Barry Gasson Architects, 1971-1983 (architects, Barry Gasson, Brit Andresen and John Meunier; project architect, Jack Wilson; structural engineer, Felix J Samuely; landscape consultant, Margaret Maxwell; contractor, Taylor Woodrow Construction.) Outstanding building in parkland setting at edge of woodland of Pollok Park, designed specifically to accommodate Sir William Burrell's vast internationally recognised collection of art and antiquities, including medieval and Renaissance period architectural fragments and rooms reconstructed from Hutton Castle (see Notes).

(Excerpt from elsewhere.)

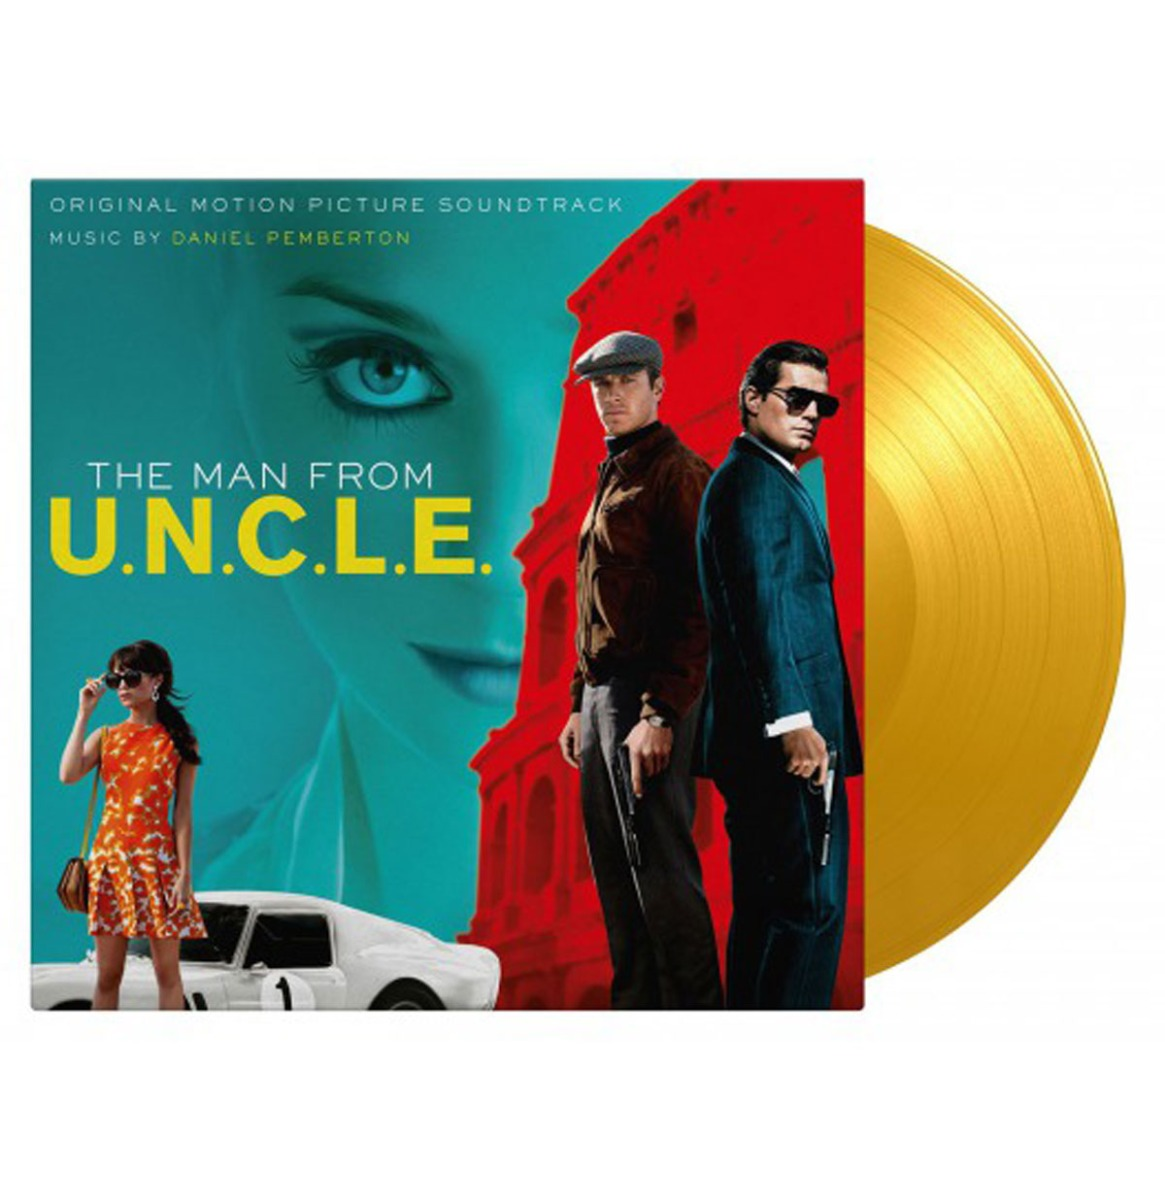 Original Soundtrack - The Man From U.N.C.L.E. (Daniel Pemberton) Gekleurd Vinyl 2LP

DESCRIPTION: 4-storey museum building including basement, ground floor, mezzanine and 2nd floor studios. Triangular-plan, pink sandstone and extensively glazed main section intersected to SW by rectangular-plan gable-ended pink sandstone entrance block and projecting square-plan glazed section to SE incorporating museum café. Building also includes lecture theatre, visiting scholars' flat, crèche, library, conservation studios, plant, receiving area and stores to basement.

Brick cavity wall construction clad with coursed smooth pink Locharbriggs sandstone; glazed curtain walling; stainless steel sheeting fixed to vertical timber boarding. Framing of reinforced concrete columns and beams combined with laminated timber columns and beams, galvanised mild-steel connectors; reinforced concrete floor slabs; reinforced concrete internal load bearing walls.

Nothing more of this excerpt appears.